TY - THES
T1 - Strafbare belediging
AU - Janssens, Alfred Ludovicus Joannes Maria
N1 - date_submitted:1998
Rights: University of Groningen
PY - 1998
Y1 - 1998
N2 - The Dutch law of criminal defamation consists of a number of offences protecting a legal interest
considered of great importance: a person’s honour and reputation. The nucleus of the present
book consists of a description and analysis of those offences. Particular attention is devoted
to the relationship between these offences and freedom of speech.
The Dutch law of criminal defamation is based on age-old continental, partly Roman-law
provisions. The current offences find their immediate origin in the Code Pénal which preceded
the present Penal Code.
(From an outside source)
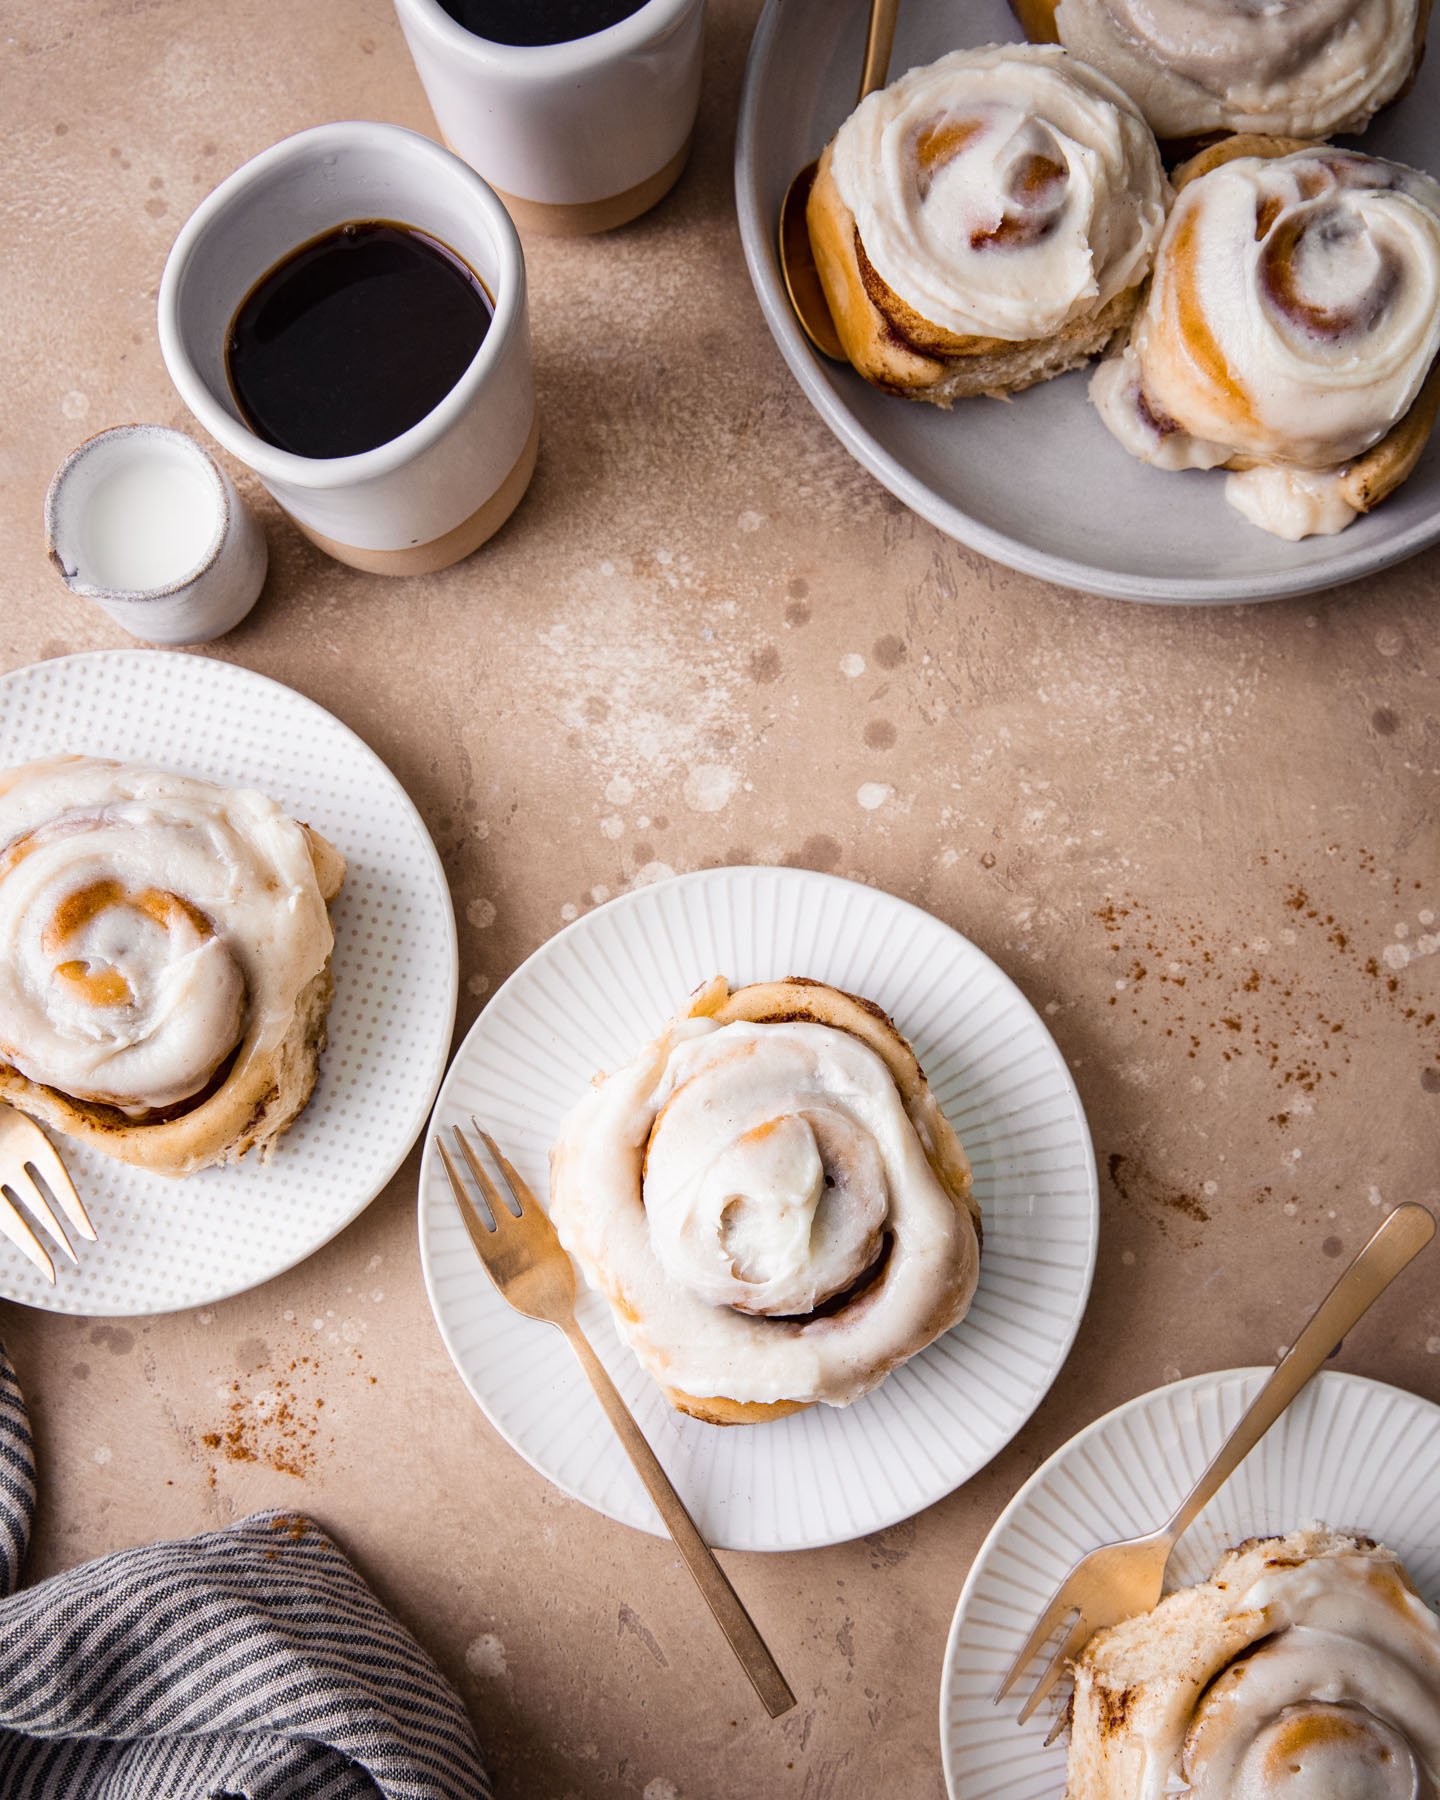 Classic cinnamon rolls with cream cheese frosting
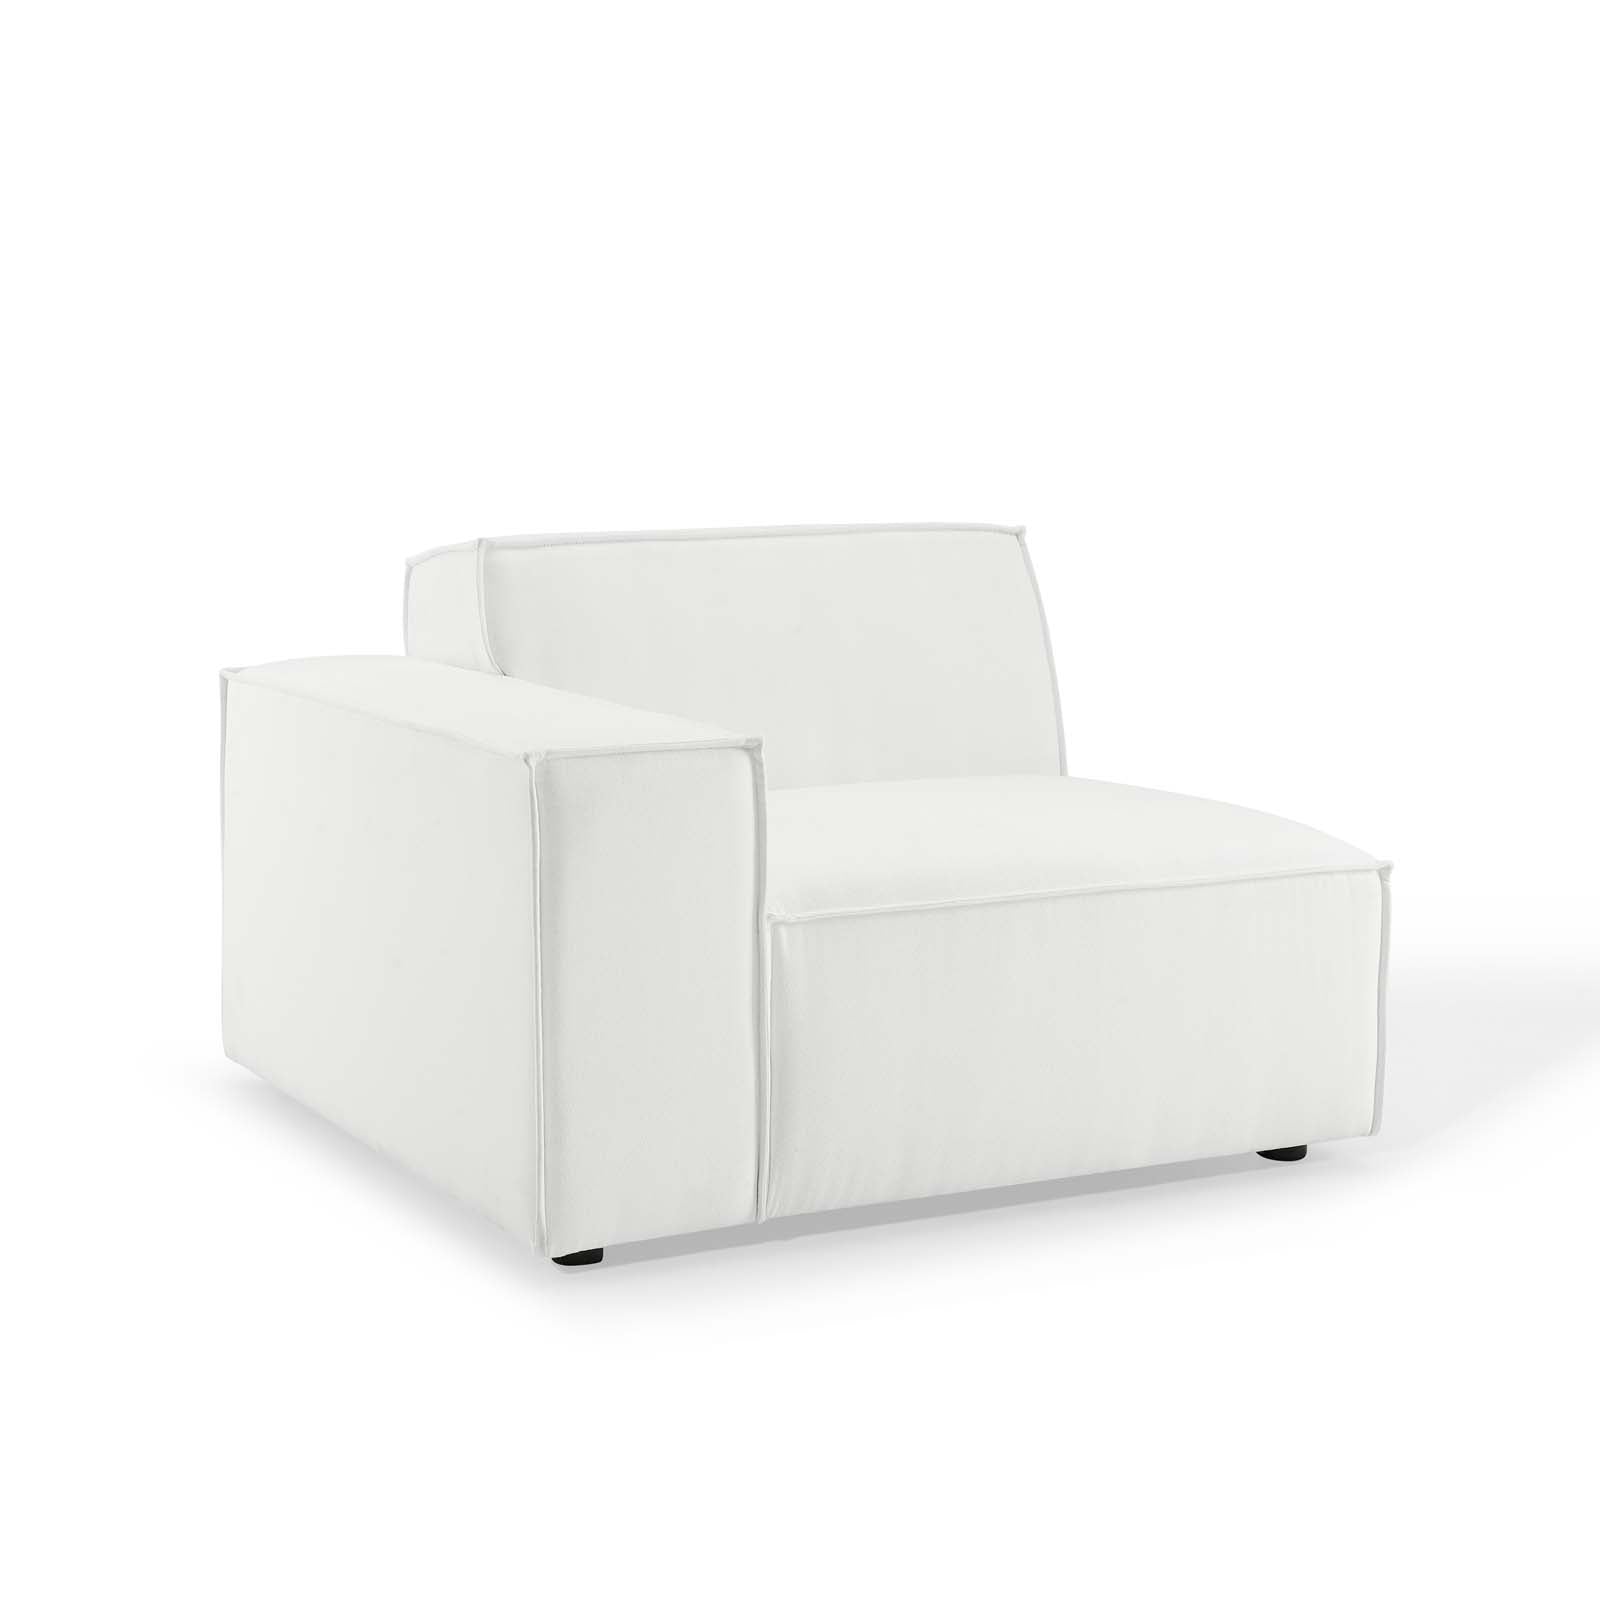 Modway Sectional Sofas - Restore 5-Piece Sectional Sofa White 164"

Unlike most other European countries, in the Netherlands criminal
defamation is distributed over various sections of the Penal Code. The ’classical’ provisions
are libel, slander and insult. Libel and slander are distinguished from insult in that the
punishability of the former requires accusing another of a specific act. The offence of insult
covers terms of abuse and vague accusations. These offences require a complaint, that is, the
Public Prosecutor can not bring charges unless the defamed party has lodged a complaint with
the police and has requested prosecution except in the case of defamation of a public body or
an official in function.
The Dutch Penal Code specifically prohibits defaming the sovereign and his direct relatives,
as well as foreign heads of state and members of foreign governments, insofar as the latter are
present in the Netherlands in an official capacity. These offences are included in the Penal Code
among the offences safeguarding the dignity of the sovereign and state security. Those having
to do with foreign officials may also be considered intended to prevent unnecessary damage
to international relations. All these offences are lapsing into desuetude: in actual practice, such
charges are no longer brought.
Another form of defamation is the deliberate insulting of a group of people on the grounds
of their race, their religious convictions or their homo- or heterosexual inclination. This offence
is found in the Penal Code among the offences against the public peace. In this case, in
particular, the tension between protecting the rights of others on the one hand, and freedom
of speech on the other, is palpable. Dutch law, in conformity with the consistent view of the
European Court of Human Rights (ECHR), generally proceeds on the assumption that a
defamation prohibition is not applicable if a conviction would conflict with section 10 of the
European Convention safeguarding freedom of speech. This is certainly the case when the
utterances contribute to public debate, even if they ’offend, shock and disturb’. European law
has led Dutch judges to take a relatively lenient position on defamation uttered within the
framework of public debate. Freedom of speech is seen as essential to the function of a
democratic political system. The final chapter deals with the central element of all defamation:
a person’s honour and reputation. The question discussed is what legal interests are protected
by the defamation prohibitions. To begin with, attention is paid to the meaning of the term
’honour.’ A number of more or less anthropological considerations lead to the conclusion that
in their interpretation of the concept of honour earlier (small-scale) societies laid particular stress
on reputation. Seen in this perspective, it is damage to reputation that leads to loss of honour.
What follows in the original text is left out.